From: Alexey Parfenov <redacted>
Date: Wed, 16 Oct 2024 08:35:53 +0000 (+0000)
Subject: server : fix the disappearance of the end of the text (#9867)
X-Git-Tag: upstream/0.0.4488~561
X-Git-Url: https://git.djapps.eu/?a=commitdiff_plain;h=1f66b699c48cb5ab3265ed72c48e8549b1674291;p=pkg%2Fggml%2Fsources%2Fllama.cpp

server : fix the disappearance of the end of the text (#9867)

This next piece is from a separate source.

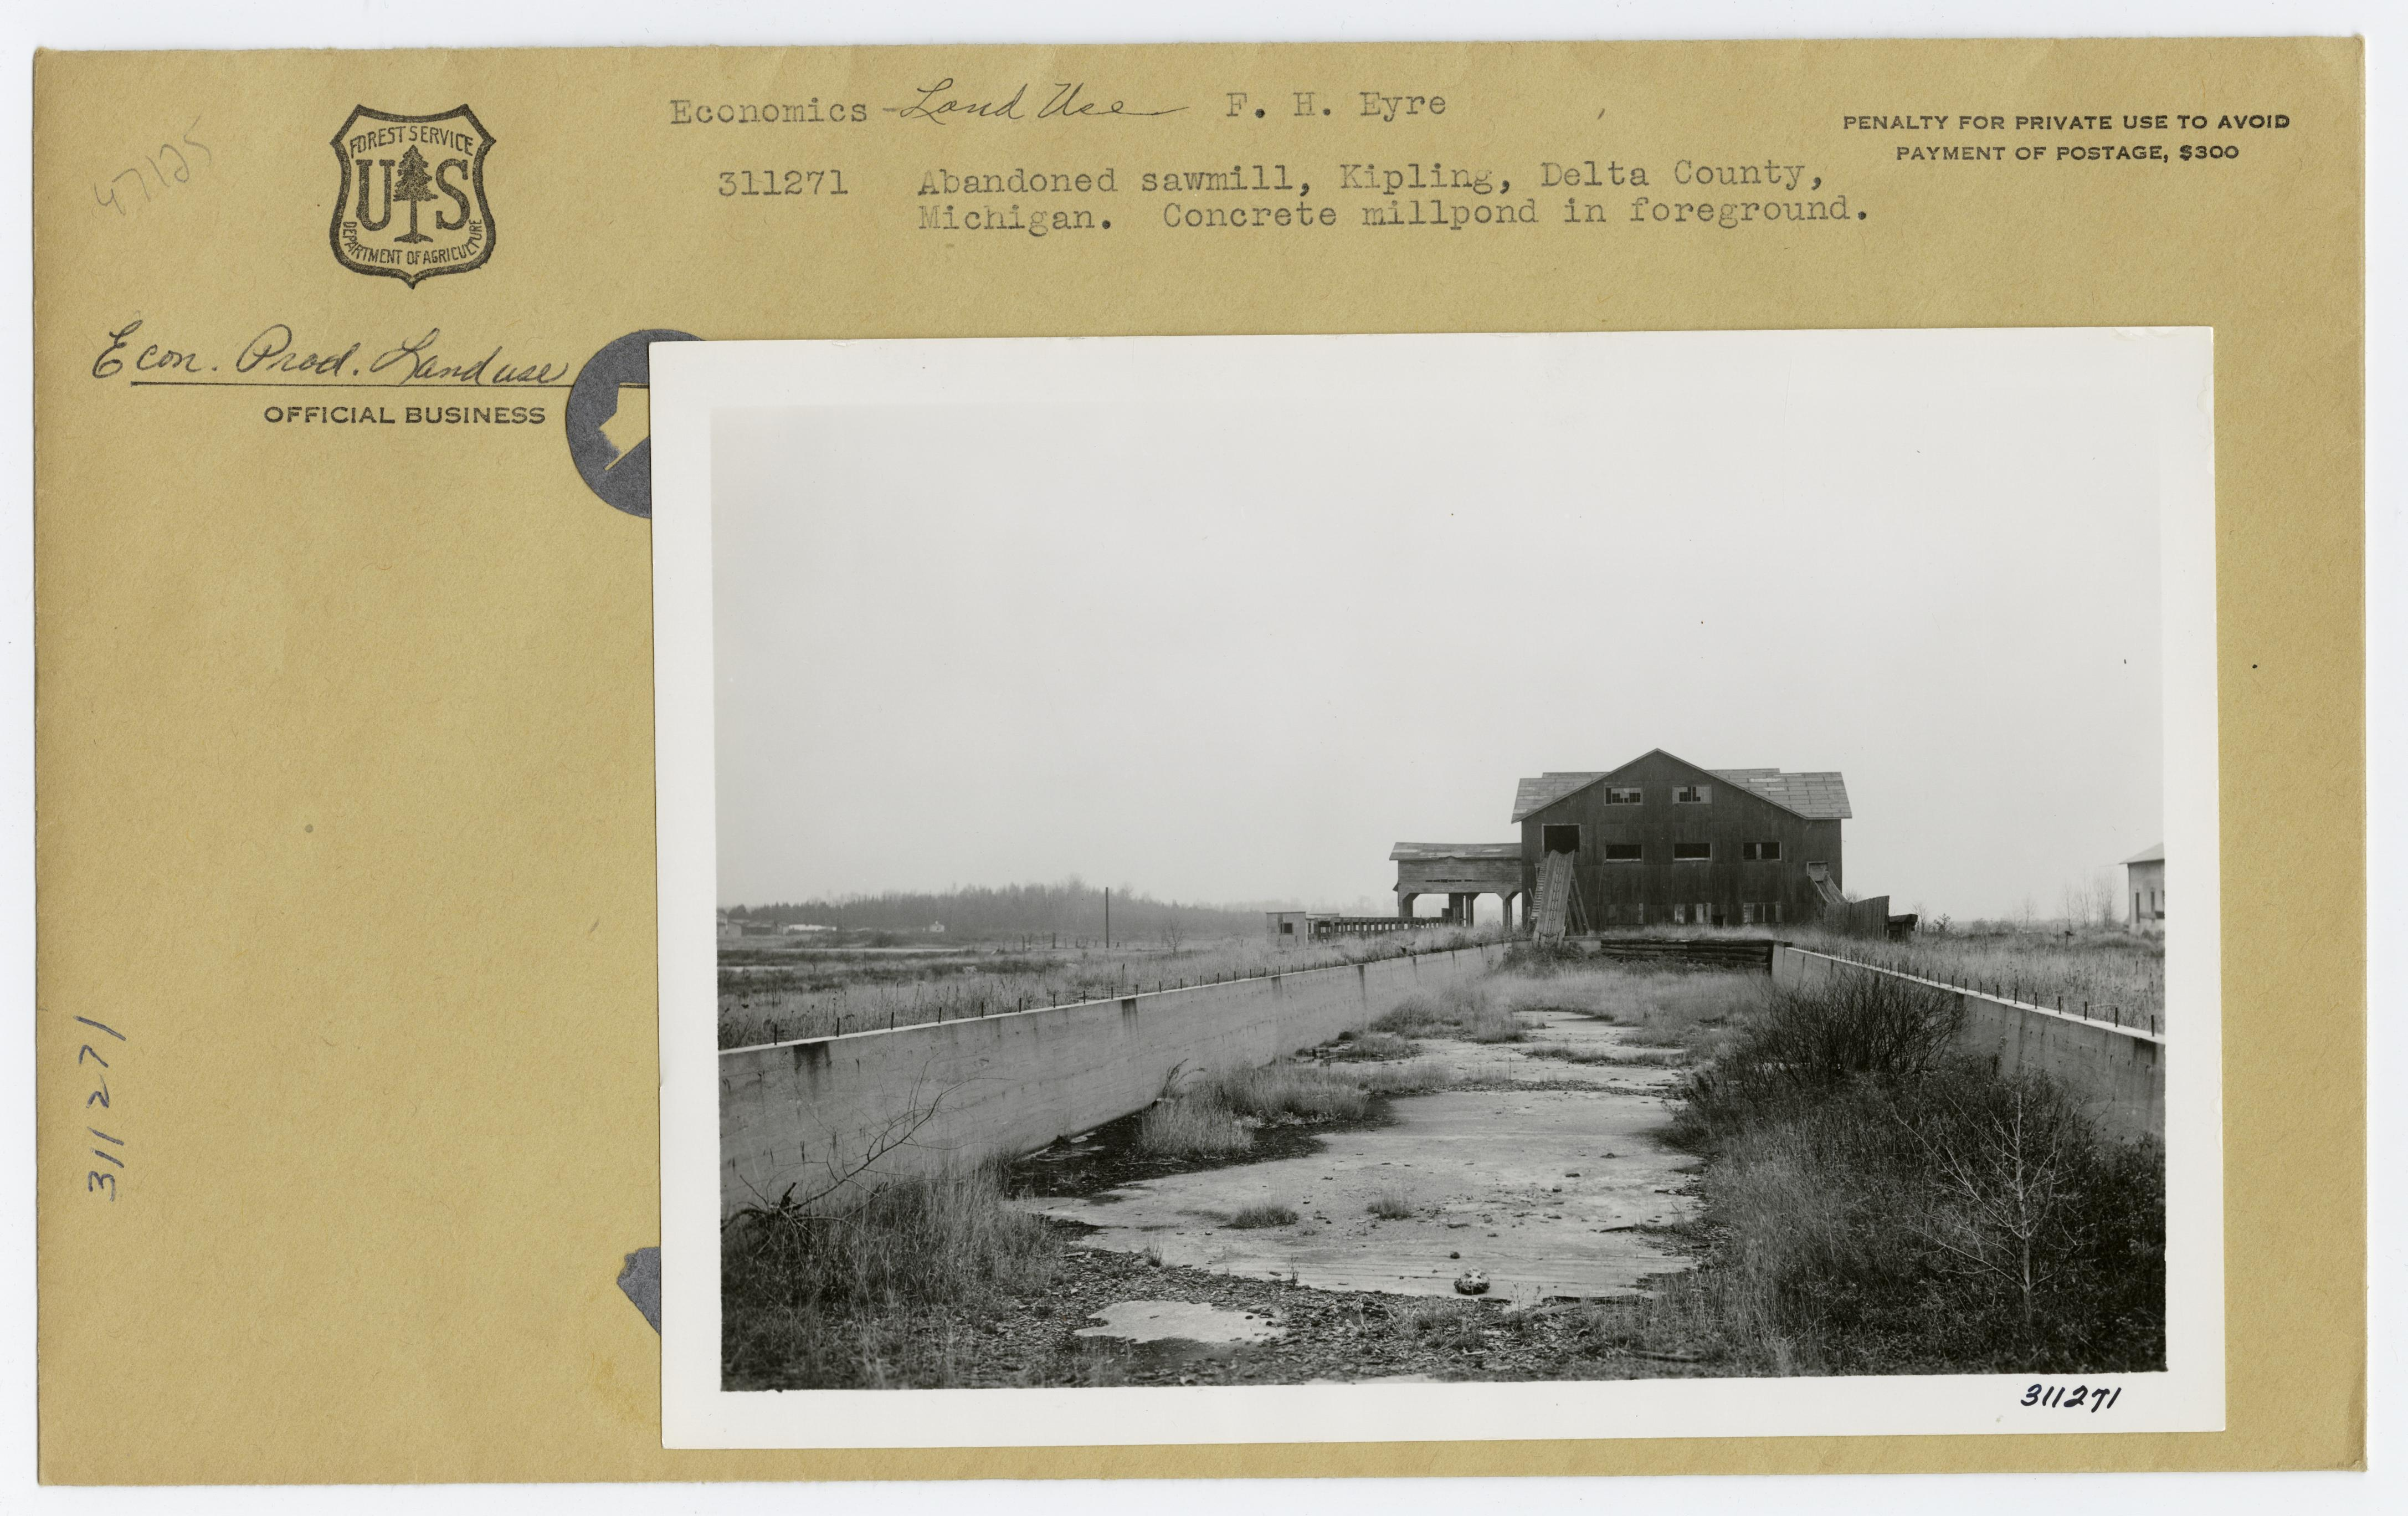 Pulp & Paper Mills - Abandoned Pulp/Paper Mill

* server: fix the disappearance of the end of the text when streaming with stop strings

* simplify "send text" checks
---

diff --git a/examples/server/server.cpp b/examples/server/server.cpp
index d53cca84c..b5e63384c 100644
--- a/examples/server/server.cpp
+++ b/examples/server/server.cpp
@@ -1090,22 +1090,21 @@ struct server_context {
             size_t pos = std::min(slot.n_sent_text, slot.generated_text.size());
 
             const std::string str_test = slot.generated_text.substr(pos);
-            bool is_stop_full = false;
+            bool send_text = true;
 
             size_t stop_pos = slot.find_stopping_strings(str_test, token_str.size(), STOP_TYPE_FULL);
             if (stop_pos != std::string::npos) {
-                is_stop_full = true;
                 slot.generated_text.erase(
                     slot.generated_text.begin() + pos + stop_pos,
                     slot.generated_text.end());
                 pos = std::min(slot.n_sent_text, slot.generated_text.size());
-            } else {
-                is_stop_full = false;
+            } else if (slot.has_next_token) {
                 stop_pos = slot.find_stopping_strings(str_test, token_str.size(), STOP_TYPE_PARTIAL);
+                send_text = stop_pos == std::string::npos;
             }
 
             // check if there is any token to predict
-            if (stop_pos == std::string::npos || (!slot.has_next_token && !is_stop_full && stop_pos > 0)) {
+            if (send_text) {
                 // no send the stop word in the response
                 result.text_to_send = slot.generated_text.substr(pos, std::string::npos);
                 slot.n_sent_text += result.text_to_send.size();